The law of cosines can be used to solve for angles and sides of a triangle in cases where other laws do not apply.

Learning Objective

  • Use the law of cosines to solve problems with triangles of any configuration, as well as to transform trigonometric expressions


Key Points

    • The law of cosines can be used to find the measurements of angles and sides of a triangle in cases where the law of sines cannot be applied, such as for triangles with no known angles.
    • The law of cosines states that the square of any side of a triangle is equal to the sum of the squares of the other two sides minus twice the product of the other two sides and the cosine of the included angle (for example, $a^2 = b^2 + c^2 - 2bc\cos\alpha $).
    • The law of cosines has noted similarities to the Pythagorean theorem, from which it is derived.

Term

  • Pythagorean theorem

    A fundamental relation among the sides of a right triangle, which states that $a^2 + b^2 = c^2$ where $c$ is the hypotenuse, and $a$ and $b$ are the lengths of the other two sides.


Full Text

Using The Law of Cosines

In some cases, we may not have enough information to apply the Law of Sines to find unknown angles and sides in a triangle. For example, consider a triangle where all three sides are known, but no angle values are known. In such cases, there is not enough information to use the Law of Sines. The Law of Cosines is useful for: 1) computing the third side of a triangle when two sides and their enclosed angle are known, and 2) computing the angles of a triangle if only the three sides are known.

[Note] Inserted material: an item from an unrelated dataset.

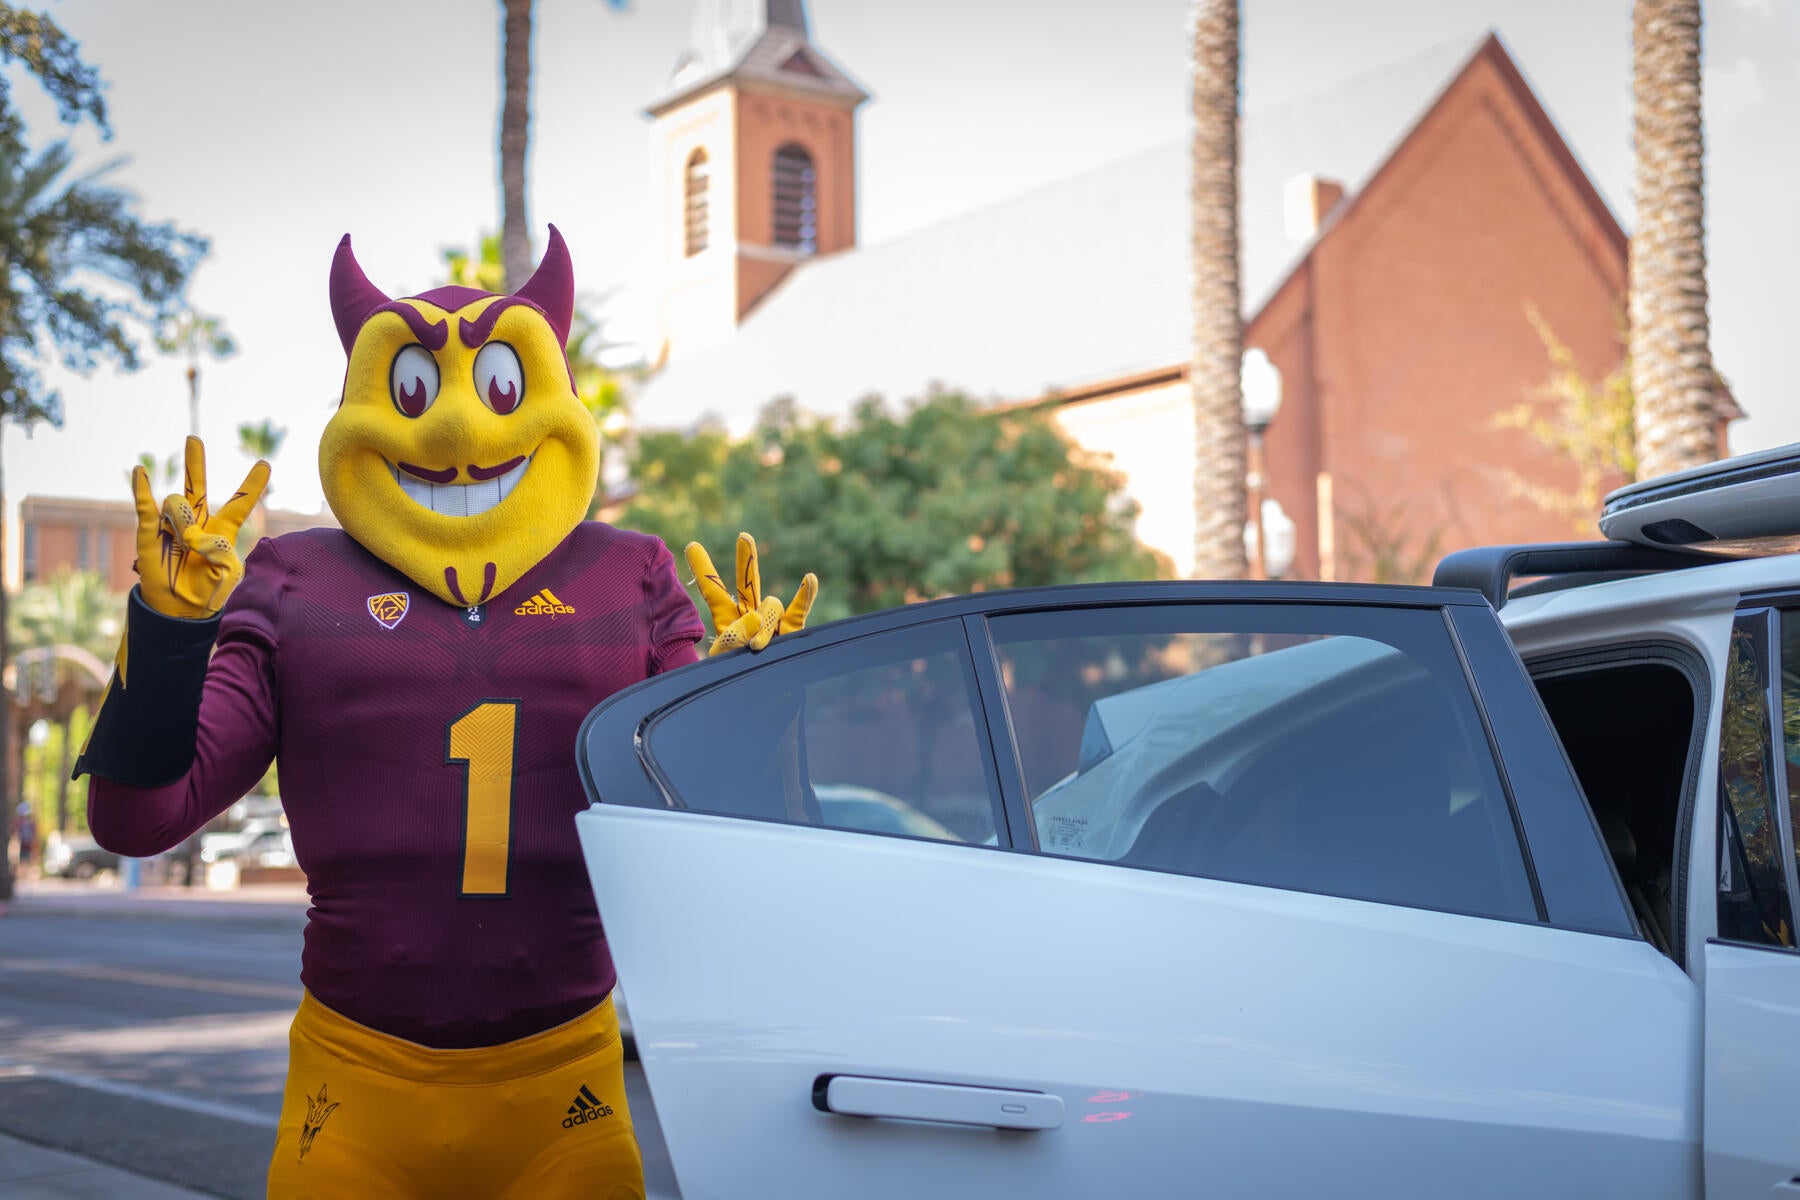 Soarky mascot standing with car door open

The Law of Cosines defines the relationship among angle measurements and side lengths in oblique triangles. Three formulas make up the Law of Cosines. At first glance, the formulas may appear complicated because they include many variables. However, once the pattern is understood, the Law of Cosines is easier to work with than many formulas at this mathematical level.

The Law of Cosines states that the square of any side of a triangle is equal to the sum of the squares of the other two sides minus twice the product of the other two sides and the cosine of the included angle. For triangles labeled with angles $\alpha$, $\beta$, and $\gamma$, and opposite corresponding sides $a$, $b$, and $c$, respectively, the Law of Cosines is given as three equations:

$\begin{aligned} a^2 &= b^2 + c^2 - 2bc\cos\alpha \\ b^2 &= a^2 + c^2 - 2ac\cos\beta \\ c^2 &= a^2 + b^2 - 2ab\cos\gamma \end{aligned}$

Oblique triangle

An oblique triangle, with angles $\alpha$, $\beta$, and $\gamma$, and opposite corresponding sides $a$, $b$, and $c$.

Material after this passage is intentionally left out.